Task instructions — Can you copy out the data exactly? Leave the images out.

Collected material —
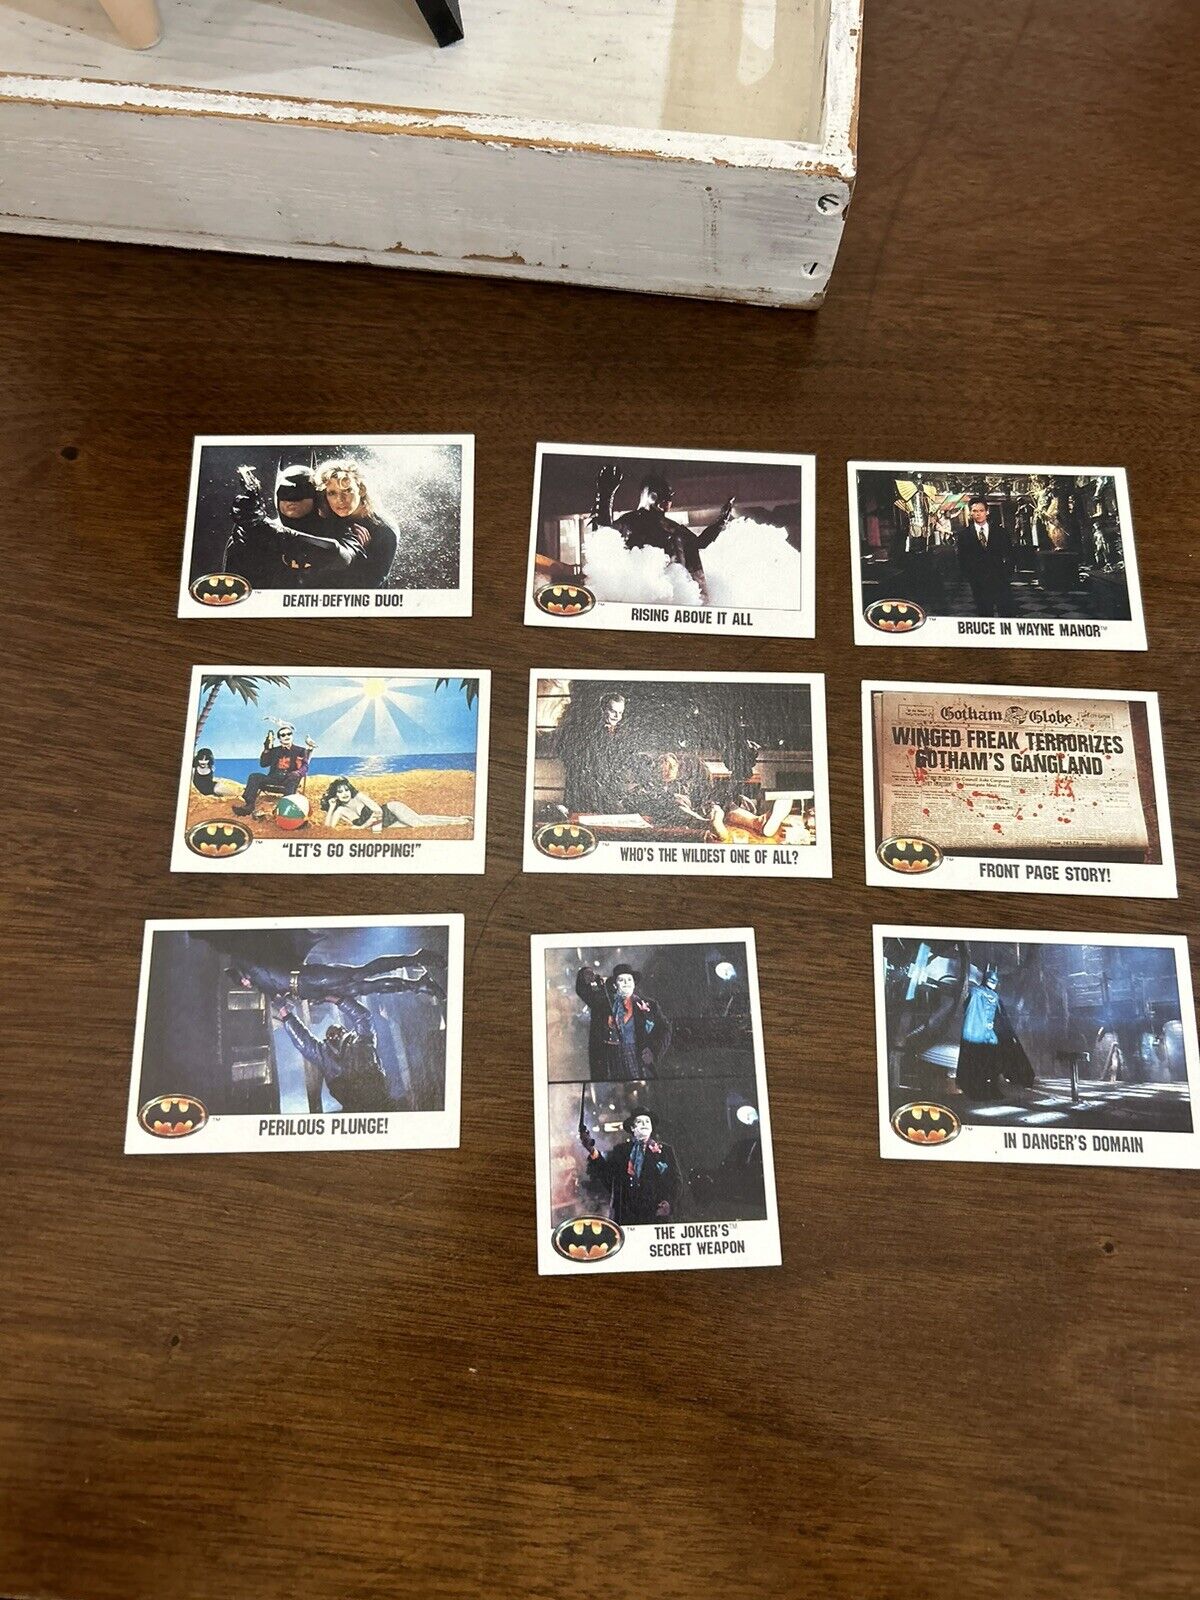 Vintage 1989 Batman Movie Trading Card Lot Of 9 Cards, AMAZING CONDITION
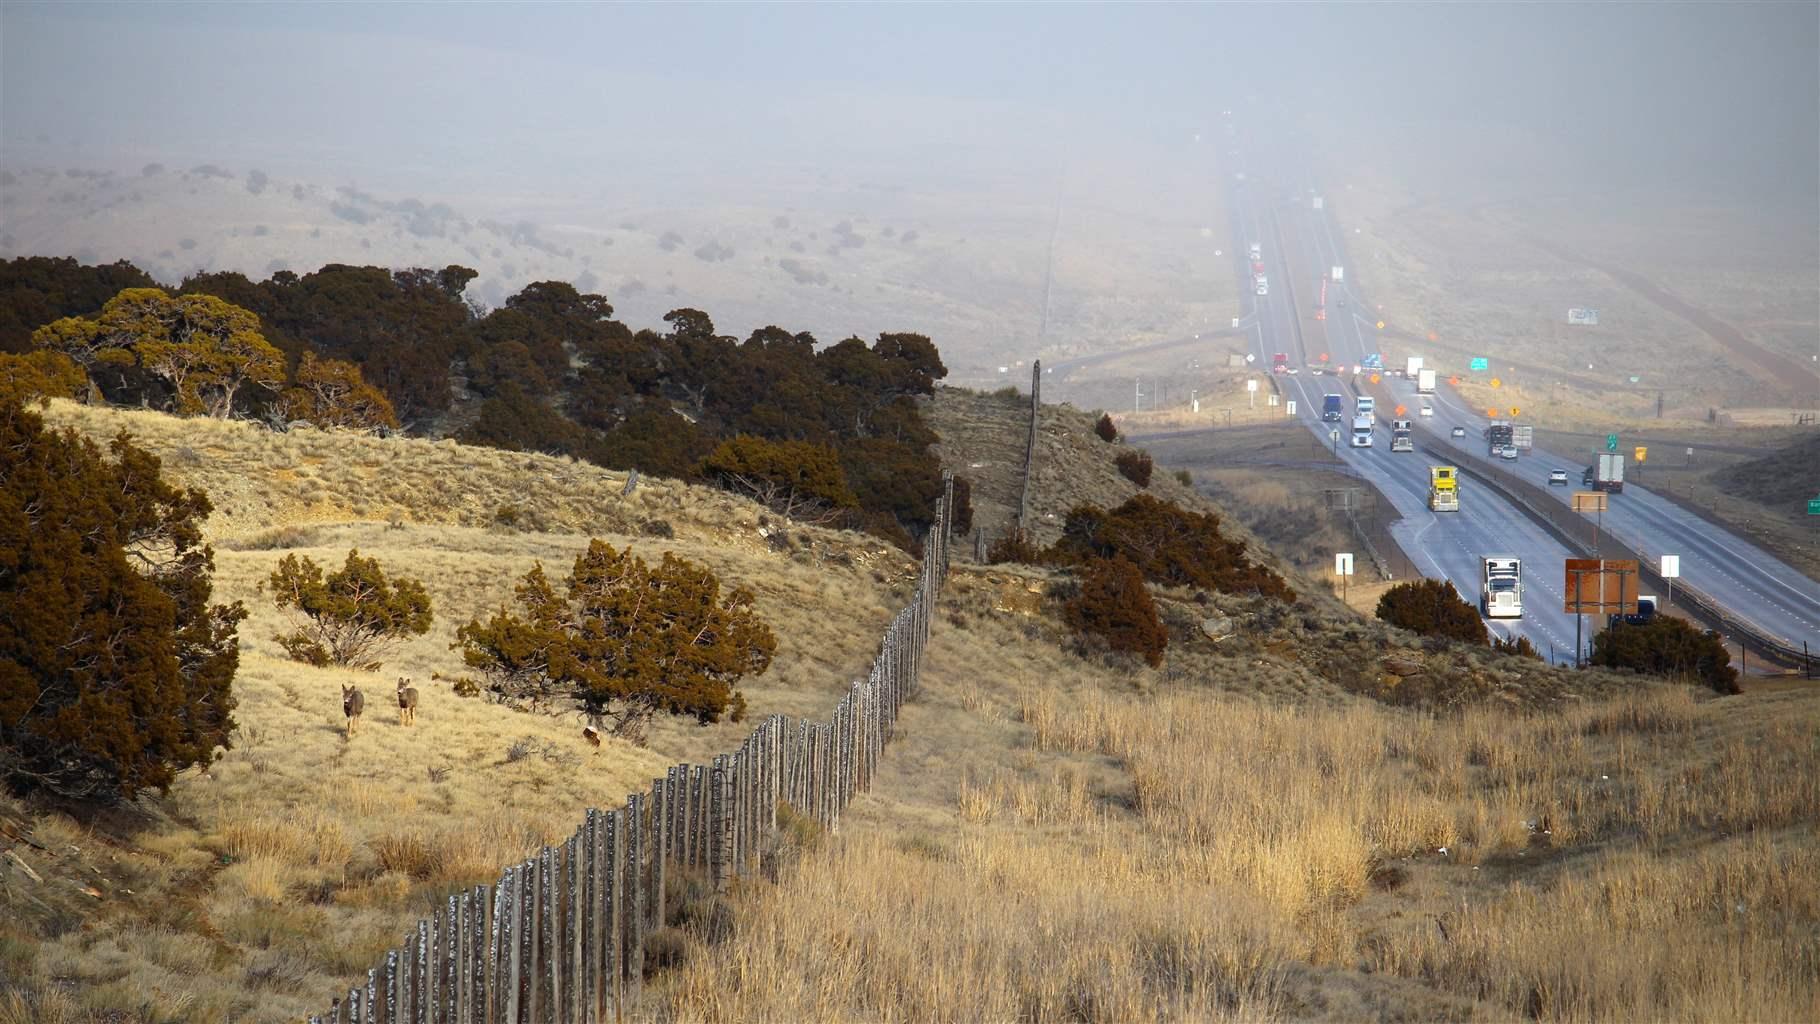 Mule deer walk along tall fencing along I-80 in Wyoming. The highway bisects the herd’s winter range.
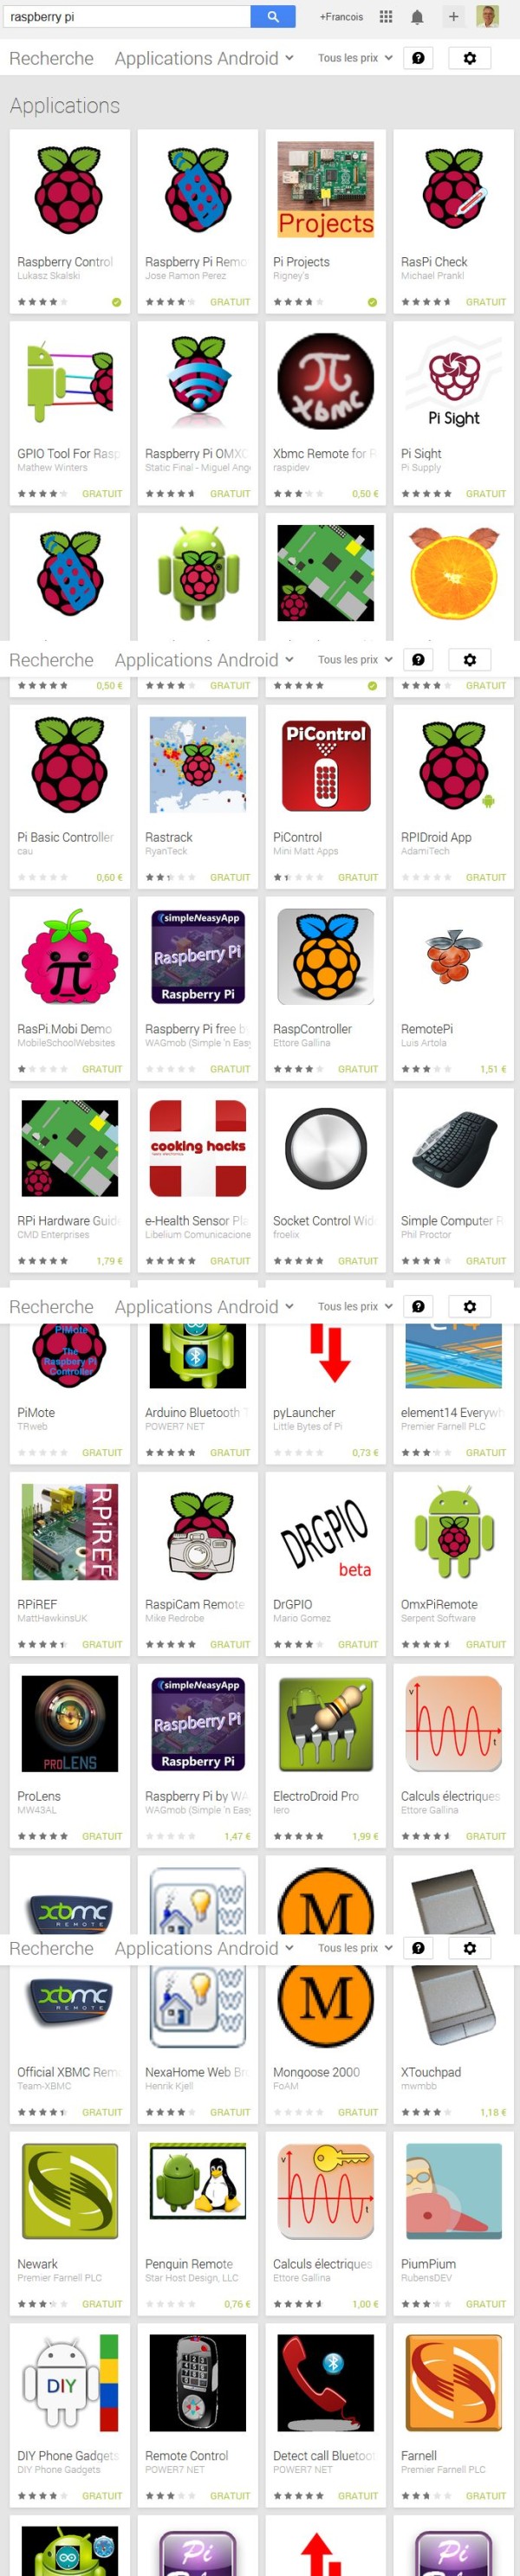 applis android

Task answer —
 Vintage 1989 Batman Movie Trading Card Lot Of 9 Cards, AMAZING CONDITION
 Mule deer walk along tall fencing along I-80 in Wyoming. The highway bisects the herd’s winter range.
 applis android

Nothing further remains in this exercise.